Wir liefen die Chaussee entlang bis dicht zur Parkpforte der Villa. Das große Flügeltor stand offen, – nicht schnell genug konnten wir uns niederwerfen, denn aus dem Tore traten zwei Männer in den Lichtschein der beiden Lampen, die über dem Eingang angebracht waren, und schauten spähend die dunkle regennasse Chaussee hinab, wobei sie sich eifrig und hastig durch Zeichensprache unterhielten. Dann tauchten in der Ferne Scheinwerfer auf, – eine dunkle große Limousine schoß heran, bremste, und aus dem Innern des Wagens ertönte ein sehr helles, schrilles Zirpen, und die beiden Männer stürzten dienstbeflissen näher.
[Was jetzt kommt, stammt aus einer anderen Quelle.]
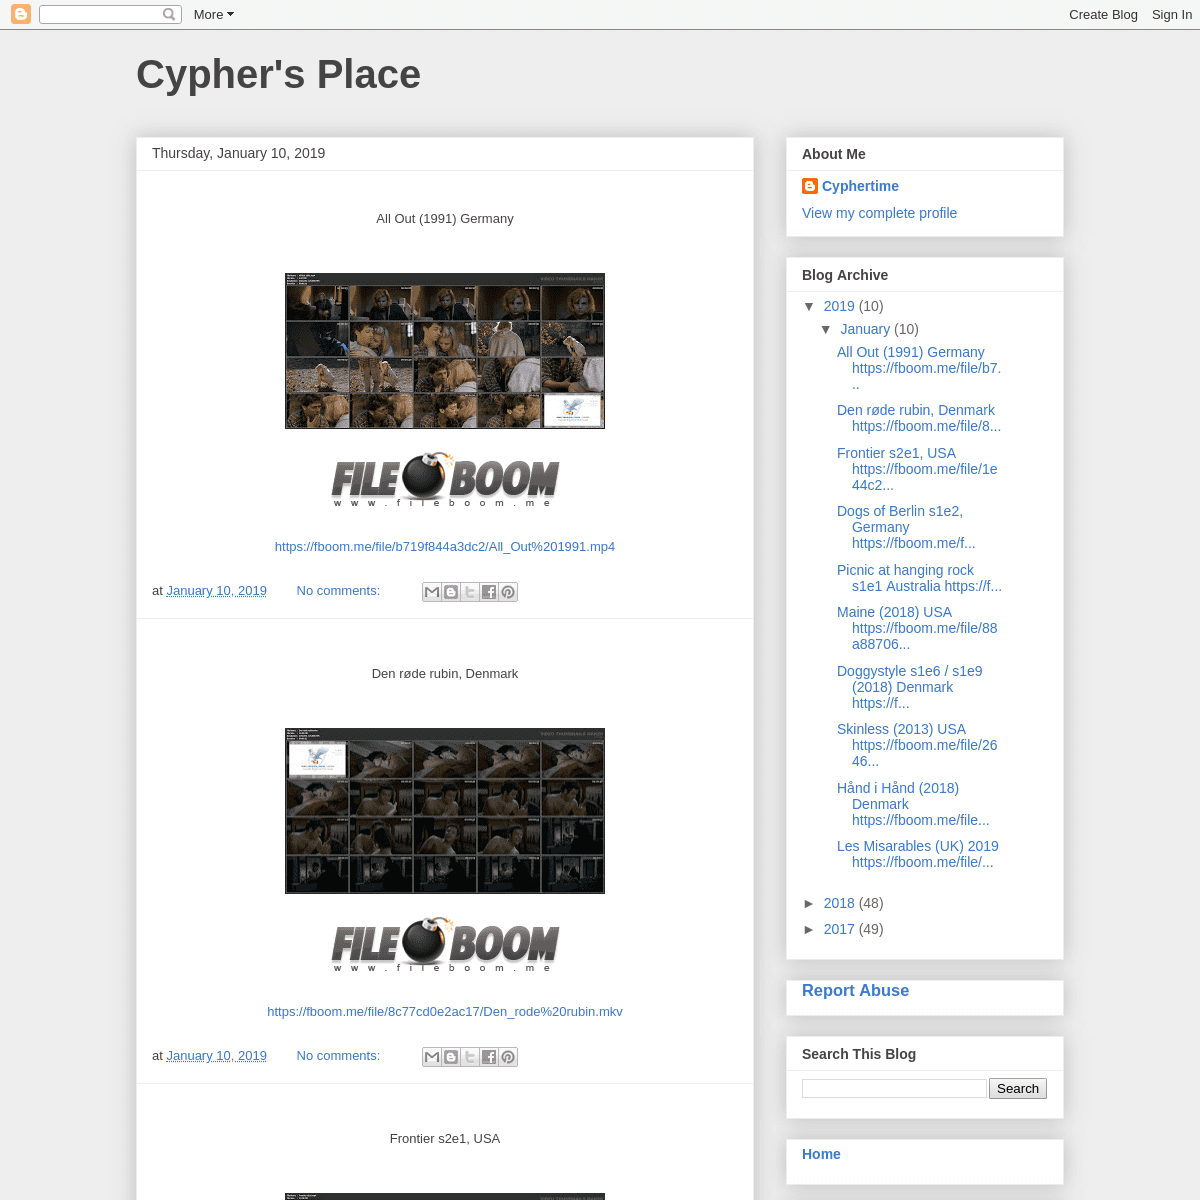 A complete backup of cyphertime.blogspot.com

Harst wagte hier alles ... Er schob sich in die schwarze Schattenlinie des Chausseebaumes neben der Auffahrt, auch mich deckte die Finsternis, und klar und deutlich hörten wir's in schärfstem Tone aus dem offenen Wagenfenster hervorklingen:

»Sagt ihm, daß er uns doch entwischt ist! Auch die beiden Gefährlichsten sind nicht daheim, obwohl sie den alten Trick anwandten, Stellvertreter zu bestellen ... Ich habe angerufen ... Es war nicht seine Stimme ... – Also doppelte Vorsicht! Die Geschichte wird unangenehm! – Weiter, Jell!!«

Das Letzte galt dem vermummten Schofför.

Die Limousine ruckte an, jagte ein Stück weiter, wendete und sauste wieder in Richtung Potsdam davon.

Die beiden Leute in den Dienermützen und Mänteln schlossen das Tor, die Torlampen erloschen, und wir eilten schleunigst in den Wald zurück.

»Nach Potsdam zurück, mäßiges Tempo!«, befahl Harald.

Er setzte sich wieder neben den Schofför.

Wir hatten die Hälfte der Strecke noch nicht zurückgelegt, als vor unseren Lampen ein müde dahinschleichender Mann erschien – ein Stromer offenbar. Wir fuhren so langsam, daß auch ich trotz des Regens den einsamen Wandrer erkannte: Es war Professor Gerth!

»Anhalten!!«, rief Harst und sprang hinaus.

Bevor er Gerty jedoch ansprechen konnte, der ohnedies Miene machte zu fliehen, ertönten ein paar schwache Schüsse kurz hintereinander, – unsere Scheinwerfer zersplitterten und erloschen. Harst flog die Taschenlampe aus der Hand, und eine zweite Gestalt zog Gerty über den Chausseegraben in den Kiefernwald.

Eine Verfolgung wäre zwecklos gewesen.